GitHub - 1337PaladinS/pca-analysis-mtcars-R: PCA analysis of mtcars dataset in R via ggbiplot pkg

1337PaladinS / pca-analysis-mtcars-R Public
Notifications You must be signed in to change notification settings
Fork 0
Star 0
PCA analysis of mtcars dataset in R via ggbiplot pkg
Notifications
Name		Name	Last commit message	Last commit date
Latest commit History 4 Commits
.gitignore		.gitignore
LICENSE		LICENSE
README.Rmd		README.Rmd
requirements.R		requirements.R
Repository files navigation

# pca-analysis-mtcars-R
PCA analysis of mtcars dataset in R via ggbiplot pkg

# Principal Component Analysis in R
**In this tutorial, you'll learn how to use PCA to extract data with many variables and create visualizations to display that data.**

Principal Component Analysis (PCA) is a useful technique for exploratory
data analysis, allowing you to better visualize the variation present in
a dataset with many variables. It is particularly helpful in the case of
"wide" datasets, where you have many variables for each sample. In this
tutorial, you'll discover PCA in R.


More specifically, you'll tackle the following topics:

- You'll first go through an introduction to PCA: you'll learn about principal components and how they relate to eigenvalues and eigenvectors.
- Then, you'll try a [simple PCA](#pca) with a simple and easy-to-understand data set.
- Next, you'll use the results of the previous section to [plot](#plot) your first PCA - Visualization is very important!
- You'll also see how you can get started on [interpreting the results](#interpret) of these visualizations and
- How to set the [graphical parameters](#graphparam) of your plots with the `ggbiplot` package!
- Of course, you want your visualizations to be as customized as possible, and that's why you'll also cover some ways of doing [additional customizations](#customize) to your plots!
- You'll also see how you can add a [new sample](#sample) to your plot and you'll end up [projecting a new sample](#project) onto the original PCA.
- Wrap-up


## Introduction to PCA 

As you already read in the introduction, PCA is particularly handy when you're working with "wide" data sets. But why is that?

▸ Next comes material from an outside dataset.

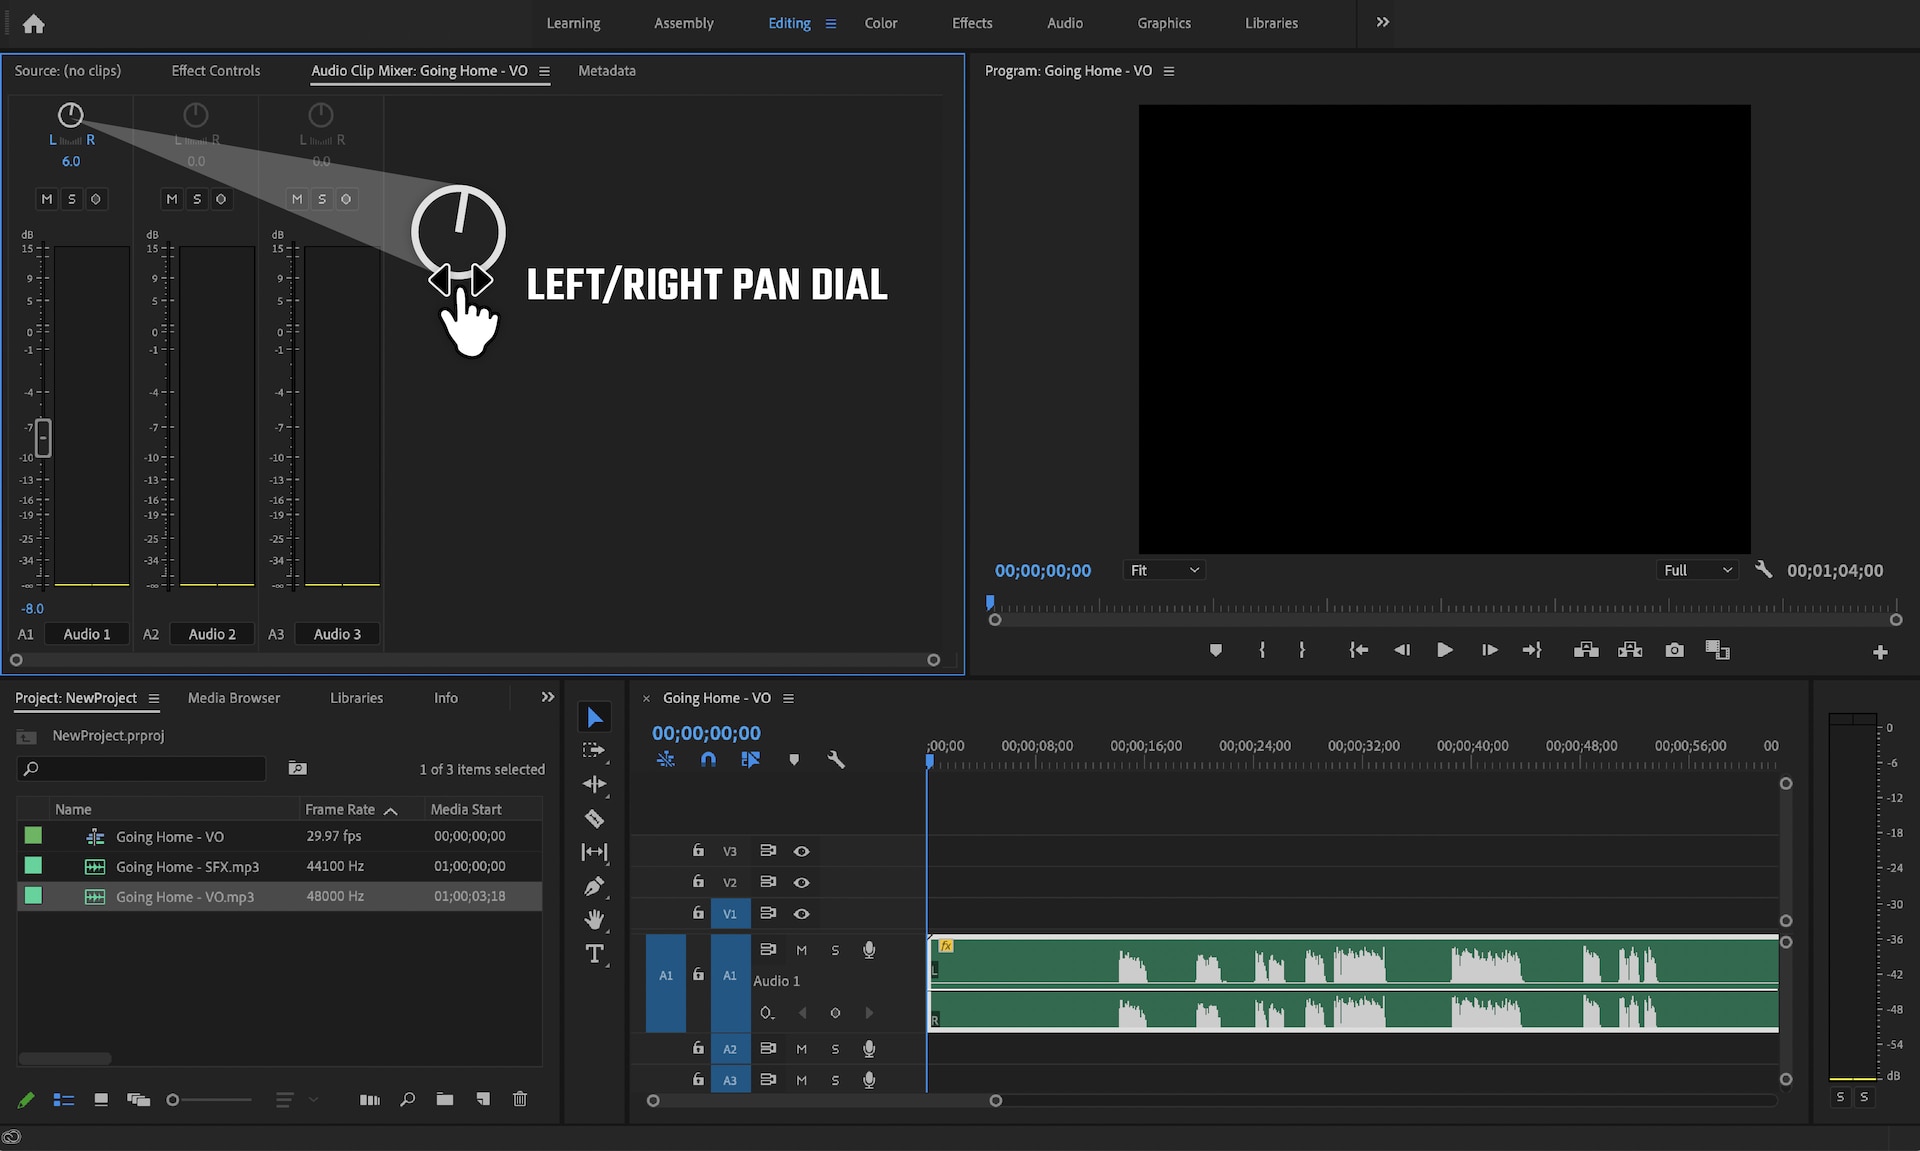 Screenshot of Adobe Premiere Pro with audio clip mixer panel open and audio pan dial featured.

Well, in such cases, where many variables are present, you cannot easily plot the data in its raw format, making it difficult to get a sense of the trends present within. PCA allows you to see the overall "shape" of the data, identifying which samples are similar to one another and which are very different. This can enable us to identify groups of samples that are similar and work out which variables make one group different from another.

The mathematics underlying it are somewhat complex, so I won't go into too much detail, but the basics of PCA are as follows: you take a dataset with many variables, and you simplify that dataset by turning your original variables into a smaller number of "Principal Components".

But what are these exactly? Principal Components are the underlying structure in the data. They are the directions where there is the most variance, the directions where the data is most spread out. This means that we try to find the straight line that best spreads the data out when it is projected along it. This is the first principal component, the straight line that shows the most substantial variance in the data.

PCA is a type of linear transformation on a given data set that has values for a certain number of variables (coordinates) for a certain amount of spaces. This linear transformation fits this dataset to a new coordinate system in such a way that the most significant variance is found on the first coordinate, and each subsequent coordinate is orthogonal to the last and has a lesser variance. In this way, you transform a set of x correlated variables over y samples to a set of p uncorrelated principal components over the same samples.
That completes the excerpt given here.